SUMMARY OF THE INVENTION

[0008] The present invention has been made in an effort to solve the aforementioned problems and accordingly, it is a first feature of an embodiment of the present invention to provide a method for automatically determining whether a region of a sample to be analyzed is normal or abnormal.

[0009] It is a second feature of an embodiment of the present invention to provide a method for measuring the line width of a minute pattern and for simultaneously determining whether the minute pattern is normal or abnormal.

[0010] It is a third feature of an embodiment of the present invention to provide an apparatus for automatically determining whether the region of a sample to be analyzed is normal or abnormal.

[0011] It is a fourth feature of an embodiment of the present invention to provide an apparatus for measuring the line width of a minute pattern, and for simultaneously determining whether the minute pattern is normal or abnormal.

[0012] In an effort to provide the first feature of the present invention, a method for analyzing a sample by employing a Fast Fourier Transformation (FFT) method of one preferred embodiment of the present invention includes generating an image of a region of the sample to be analyzed, generating data having a frequency from the image by the FFT method, and analyzing the generated data to determine whether the region is normal or abnormal.

[0013] In the method described above, the region may include a periodically formed pattern, or the region may be formed on a semiconductor substrate and may correspond to a cell region including a periodic pattern. The periodic pattern may have a line width and may be formed by an etching process. The image may be generated by a scanning electron microscope, and may be defined into at least two pixel units. Finally, an alarm is preferably provided when it is determined that the region is abnormal.

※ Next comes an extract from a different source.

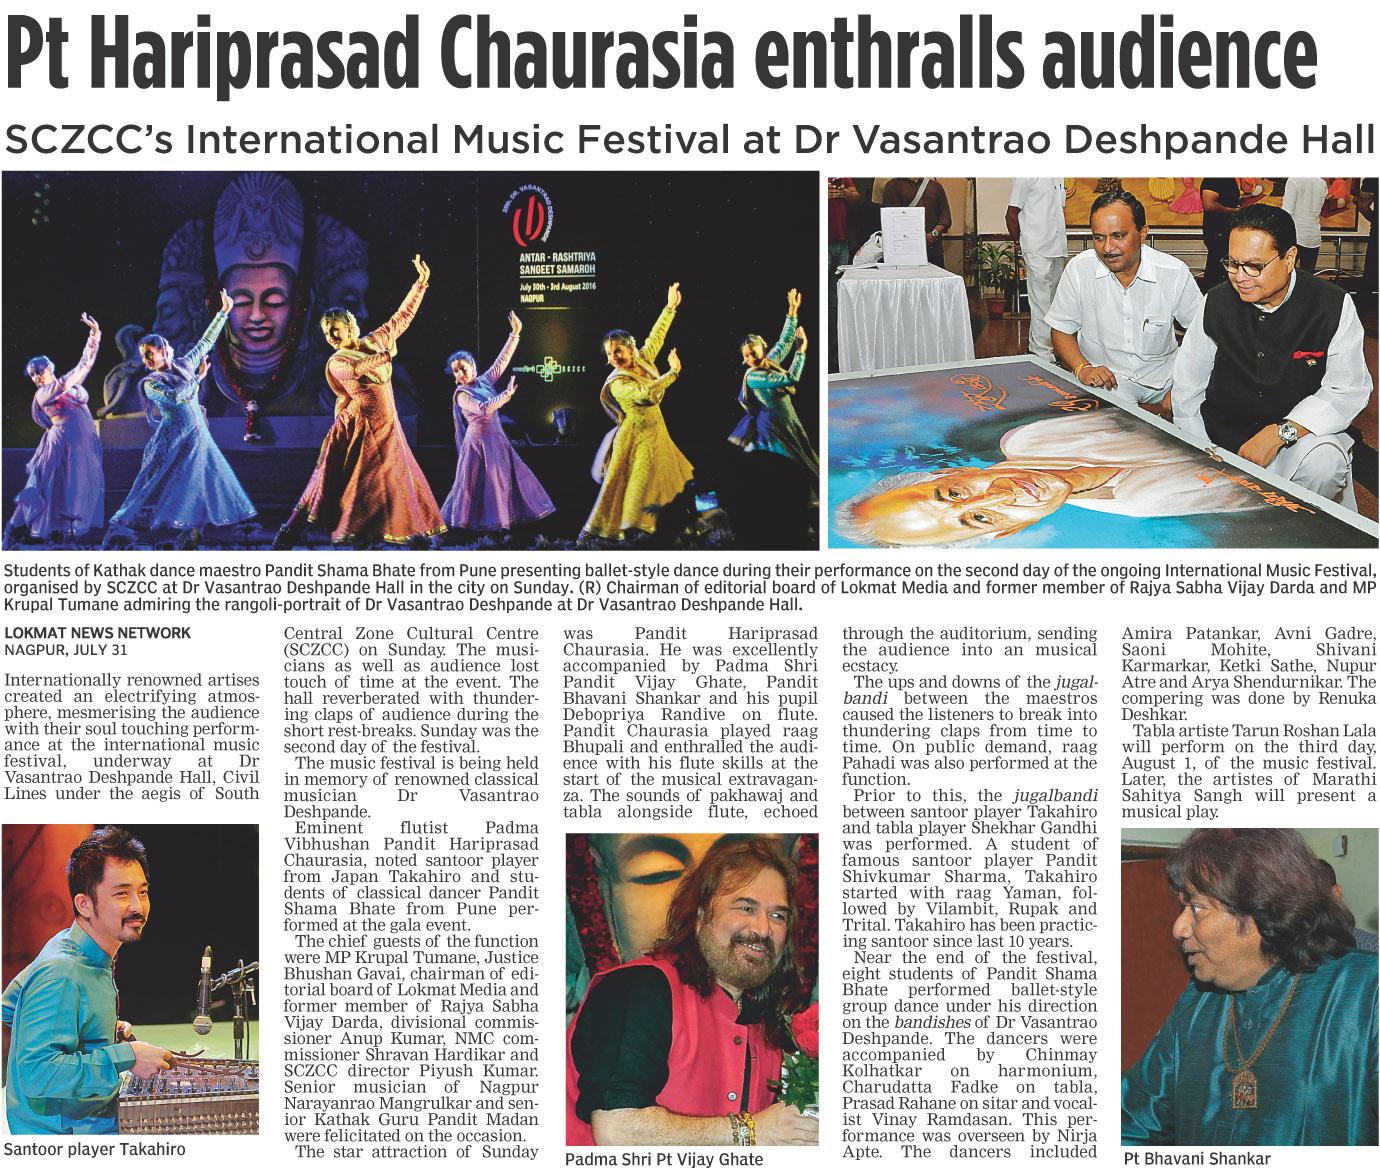 Pt Hariprasad Chaurasia enthralls audience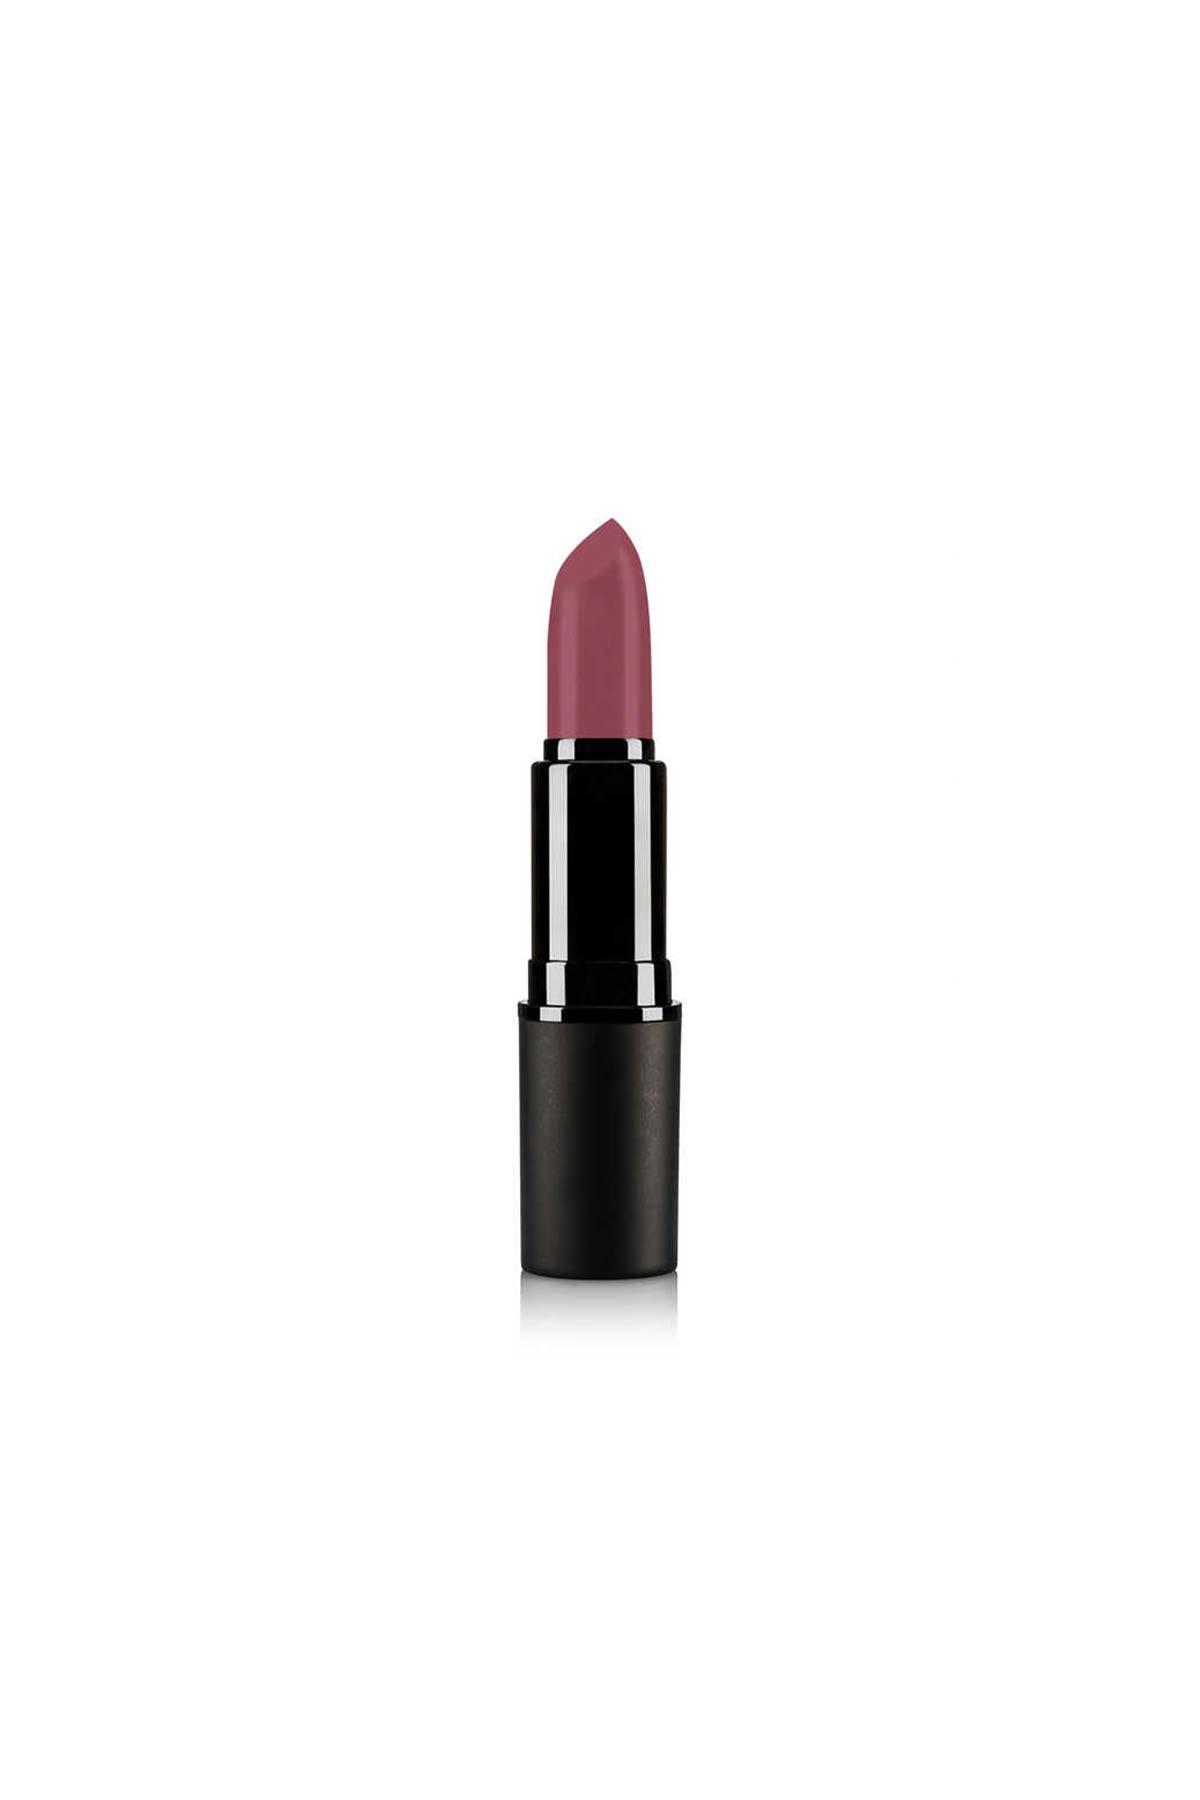 Matte Lipstick - 187 -Ruj - Lipstick Thumbnail

[0014] In an effort to provide the second feature of the present invention, a method for analyzing a sample by employing a FFT method of another preferred embodiment of the present invention includes generating a magnified image of a minute pattern formed in a cell region of a semiconductor substrate, measuring a line width of the minute pattern using the magnified image, generating data having a frequency from the image by the Fast Fourier Transformation method, and analyzing the generated data to determine whether the minute pattern is normal or abnormal.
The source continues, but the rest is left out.